Exercise objective:
Find the word "Blend" in the listing, and copy out each line where it turns up.

Input records:
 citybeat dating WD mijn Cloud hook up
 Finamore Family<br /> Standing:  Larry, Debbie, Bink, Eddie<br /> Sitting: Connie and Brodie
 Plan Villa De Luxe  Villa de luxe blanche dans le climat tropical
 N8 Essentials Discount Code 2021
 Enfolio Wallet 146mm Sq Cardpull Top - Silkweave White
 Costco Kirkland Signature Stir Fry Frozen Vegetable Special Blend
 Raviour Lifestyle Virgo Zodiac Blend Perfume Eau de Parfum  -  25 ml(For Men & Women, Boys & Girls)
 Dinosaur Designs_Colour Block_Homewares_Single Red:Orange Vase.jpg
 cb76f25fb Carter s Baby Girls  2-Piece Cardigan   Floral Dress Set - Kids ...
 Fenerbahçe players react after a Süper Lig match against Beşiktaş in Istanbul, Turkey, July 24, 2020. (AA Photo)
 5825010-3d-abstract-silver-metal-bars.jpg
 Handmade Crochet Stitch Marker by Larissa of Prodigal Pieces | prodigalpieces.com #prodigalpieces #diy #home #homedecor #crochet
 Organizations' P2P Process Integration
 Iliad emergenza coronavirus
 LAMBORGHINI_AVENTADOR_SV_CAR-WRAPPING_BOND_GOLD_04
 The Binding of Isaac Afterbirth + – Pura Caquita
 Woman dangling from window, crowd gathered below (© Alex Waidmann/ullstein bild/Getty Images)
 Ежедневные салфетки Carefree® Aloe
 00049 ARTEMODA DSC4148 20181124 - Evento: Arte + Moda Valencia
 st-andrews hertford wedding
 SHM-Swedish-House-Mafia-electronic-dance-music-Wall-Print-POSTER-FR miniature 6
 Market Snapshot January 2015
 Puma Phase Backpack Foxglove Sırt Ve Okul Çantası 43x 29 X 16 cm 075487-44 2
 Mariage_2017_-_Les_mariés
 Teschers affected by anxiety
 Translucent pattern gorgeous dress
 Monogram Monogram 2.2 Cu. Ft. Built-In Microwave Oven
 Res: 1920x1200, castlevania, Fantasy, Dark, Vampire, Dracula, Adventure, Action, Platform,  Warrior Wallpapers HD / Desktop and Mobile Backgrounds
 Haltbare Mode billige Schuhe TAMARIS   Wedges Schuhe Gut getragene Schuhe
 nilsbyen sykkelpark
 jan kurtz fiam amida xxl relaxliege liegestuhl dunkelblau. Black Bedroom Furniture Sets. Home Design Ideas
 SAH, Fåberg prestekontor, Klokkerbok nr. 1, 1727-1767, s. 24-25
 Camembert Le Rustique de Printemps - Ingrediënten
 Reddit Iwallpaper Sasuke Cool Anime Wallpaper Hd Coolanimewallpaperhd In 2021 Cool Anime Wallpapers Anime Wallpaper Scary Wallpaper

Task answer:
 Costco Kirkland Signature Stir Fry Frozen Vegetable Special Blend
 Raviour Lifestyle Virgo Zodiac Blend Perfume Eau de Parfum  -  25 ml(For Men & Women, Boys & Girls)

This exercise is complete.